Вот тут уже никто не смеялся – все сделали вид, что как бы ничего не слышали. Фюрера Мишка фамильярно называл «Адольфом», а Лучшего Друга Студентов – «Иосифом». Временами он в лицах изображал невероятно комические диалоги между ними, во многом предвосхищая развитие событий в уже близкие судьбоносные годы.
И ещё вспоминаю острую сцену. В то «весёлое» время на крыше Ярославского вокзала висели огромные красочные портреты всех пяти тогдашних маршалов Советского Союза: Ворошилова, Будённого, Блюхера, Егорова и Тухачевского. Когда «сгорал» очередной маршал, ещё до публикации об этом в газетах его портрет снимали с крыши вокзала. Учитывая низкий уровень тогдашней техники, это была довольно сложная процедура, обычно длившаяся несколько часов. Снятие портрета происходило на глазах у многих тысяч людей – ведь Комсомольская площадь, «площадь трёх вокзалов» – самое многолюдное место столицы. И вот однажды врывается в нашу комнату Мишка и буквально вопит:
– Ребята! Счёт 3:2 уже не в нашу пользу!
Оказывается, он видел, как снимали портрет Блюхера…
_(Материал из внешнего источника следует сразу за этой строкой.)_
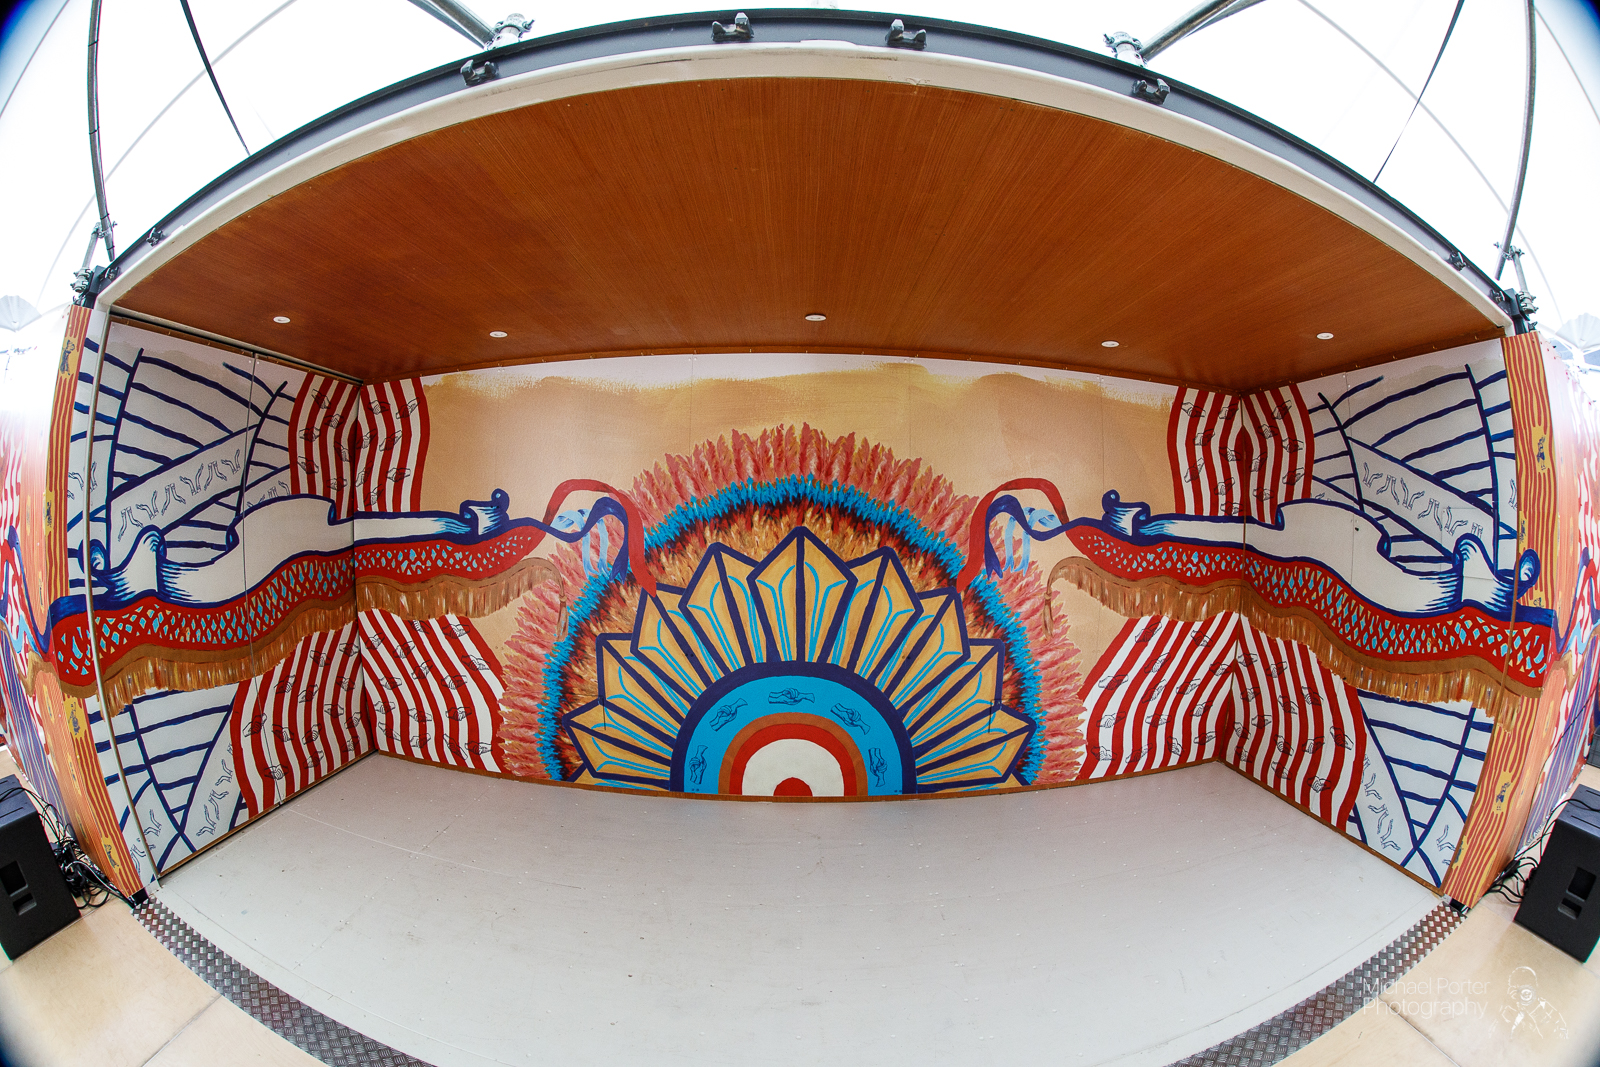 Image taken of the inside of The MET tent

Ребята в своей массе были славные и абсолютно порядочные – стукачей у нас было мало. Но они, конечно, были, и скоро мы это почувствовали в полной мере. Один за другим стали исчезать кое-кто из наших товарищей. Мы же продолжали резвиться, как уэллсовские элои солнечным днём. Морлоки ведь работали ночью с помощью «воронков». Впрочем, исчезновение Коли Рачковского произвело на меня тягостное впечатление – я кожей почувствовал, что «чей-нибудь уж близок час». Колю мы прозвали Гоголем за поразительное внешнее сходство с классиком. Только ростом наш Коля был покрупнее своего великого земляка. Он любил шахматы и украинскую литературу, проникновенно читал «Кобзаря». Может быть, это и было причиной его гибели? Украинский национализм ему, при наличии злой воли, ничего не стоило приклеить!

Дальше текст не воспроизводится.